Ongoing work in the CAAPA consortium (Table S1, S2, Figure S1) has included coverage analysis of the novel variation identified by CAAPA sequencing. This analysis has shown that only 69% of common SNP variants and 41% of low-frequency SNP variants identified by CAAPA can be tagged by traditional GWAS arrays (at r2 >=0.8), such as the Illumina HumanOmni5 (which contains about five million SNPs)4. Ha, et al.5 suggested much lower coverage levels, with the OmniExpress chip (containing about 770,000 SNPs) effectively covering only 8% of known variation within the YRI genome, while the much larger Omni 2.5 (containing about 2.5 million SNPs) still only covers 20% of known YRI SNPs based on their analysis. In contrast, variants of European (CEU) ancestry are 21% covered by the OmniExpress and 44% covered by the Omni 2.5. These are large differences in genomic coverage, and are supported by other studies with similarly pessimistic estimates of effective coverage among non-European populations6,7,8. Even the primary manufacturer of the Omni series genotyping chips, Illumina, refers to low coverage levels for their currently available commercial GWAS arrays in non-European populations. Table 1 It is important to note that there is no standardized definition for efficient ‘coverage,’ as each method uses a different set of SNPs to assess coverage levels. Regardless of the method used, however, contemporary commercially available arrays do a poor job of tagging common haplotypes or ‘covering’ all genetic variation in non-European or admixed populations.
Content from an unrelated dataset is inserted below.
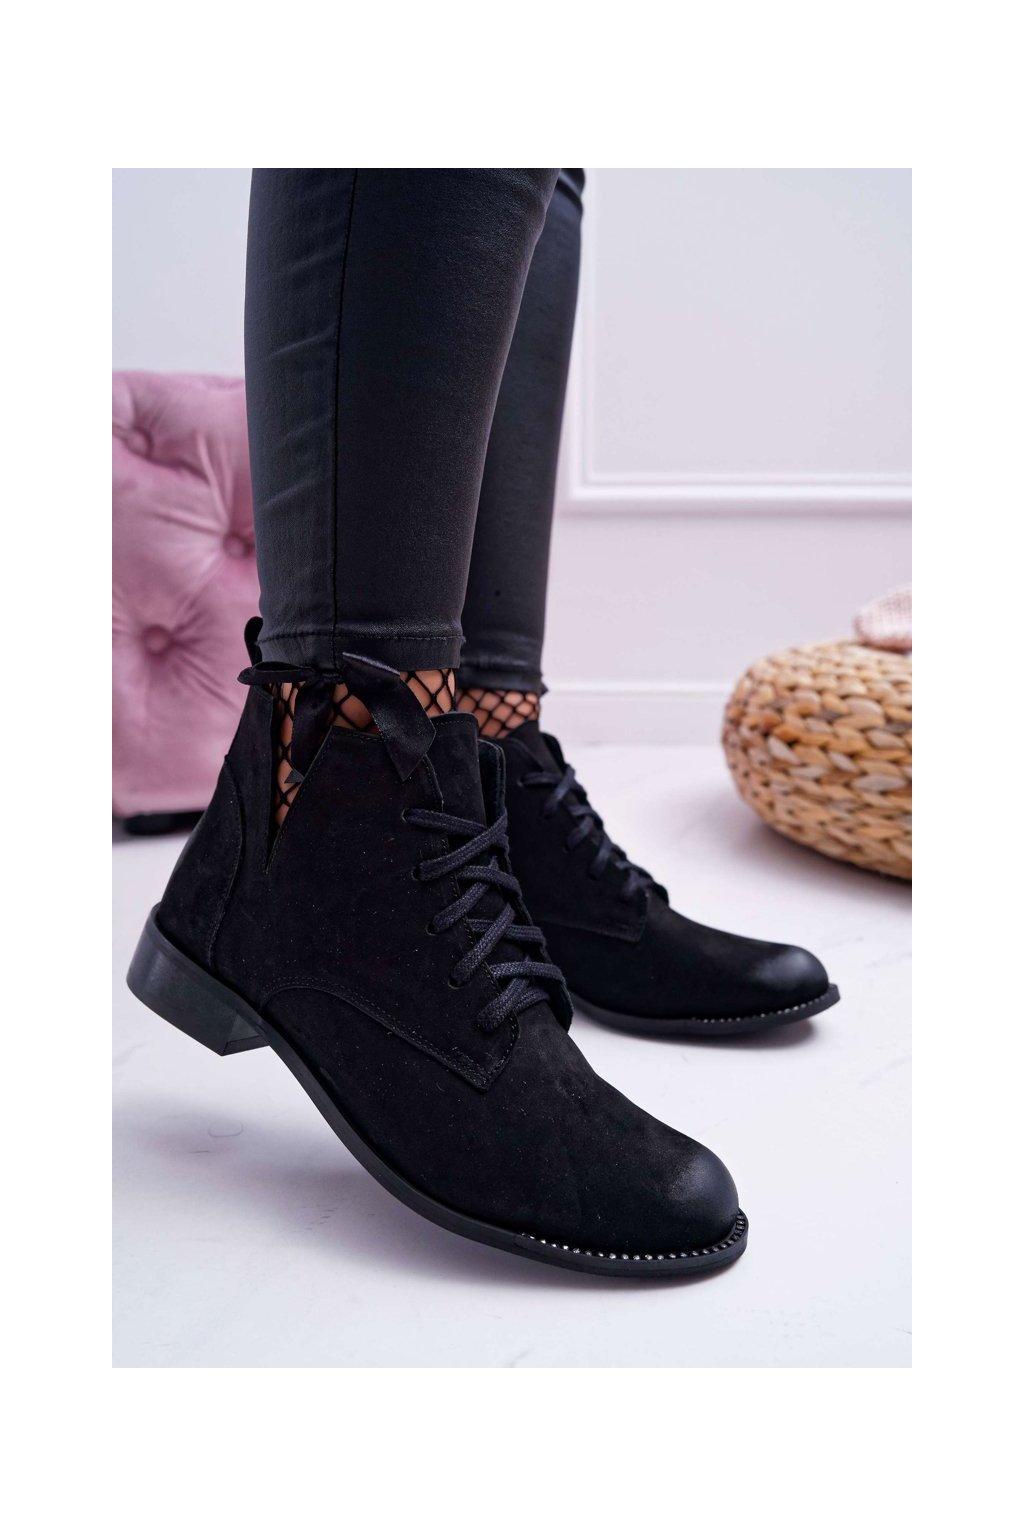 Členkové topánky na podpätku farba čierna kód obuvi 2420 BLK/N

Table 1 Illumina projected coverage of African variants on several commercially available GWAS arrays.

Usage of the most recent imputation panels can significantly improve the coverage of African variants, but this practice is still hamstrung by the lack of low-frequency variants on genotyping arrays (MAF < 5%). Imputation of low-frequency variants is most efficient and accurate when the SNP to be imputed has a similar minor allele frequency as the genotyped SNP, so a relative lack of low frequency variants on an array can render imputation of similar frequency variants difficult [Marchini and Howie, 2010].
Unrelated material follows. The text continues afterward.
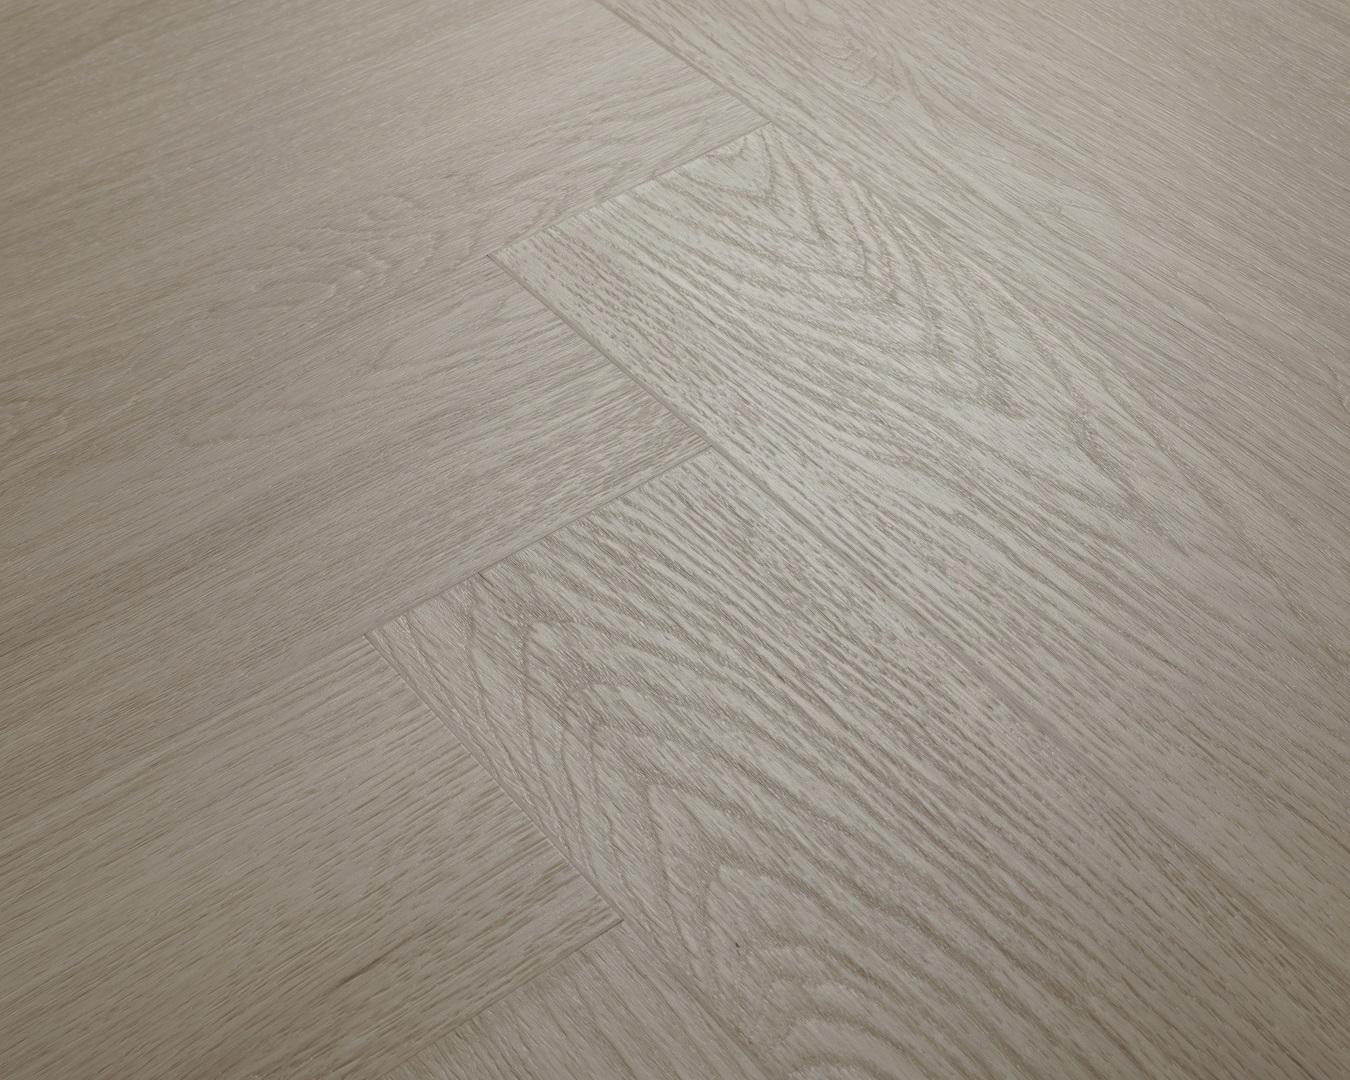 Impervia® Herringbone Parquet Alabaster White Oak

To address this shortcoming, the ADPC was designed using the whole-genome sequencing results on 642 CAAPA samples, including 328 African Americans, 125 African Caribbean subjects, 164 African ancestry individuals with some Latino ancestry, and 25 individuals from Nigeria. The whole genomes of these individuals were sequenced using the Illumina HiSeq 2000. A total of 47.9 million biallelic SNPs were identified in these CAAPA samples. Of those, 15.6 million variants have a MAF greater than or equal to 1%.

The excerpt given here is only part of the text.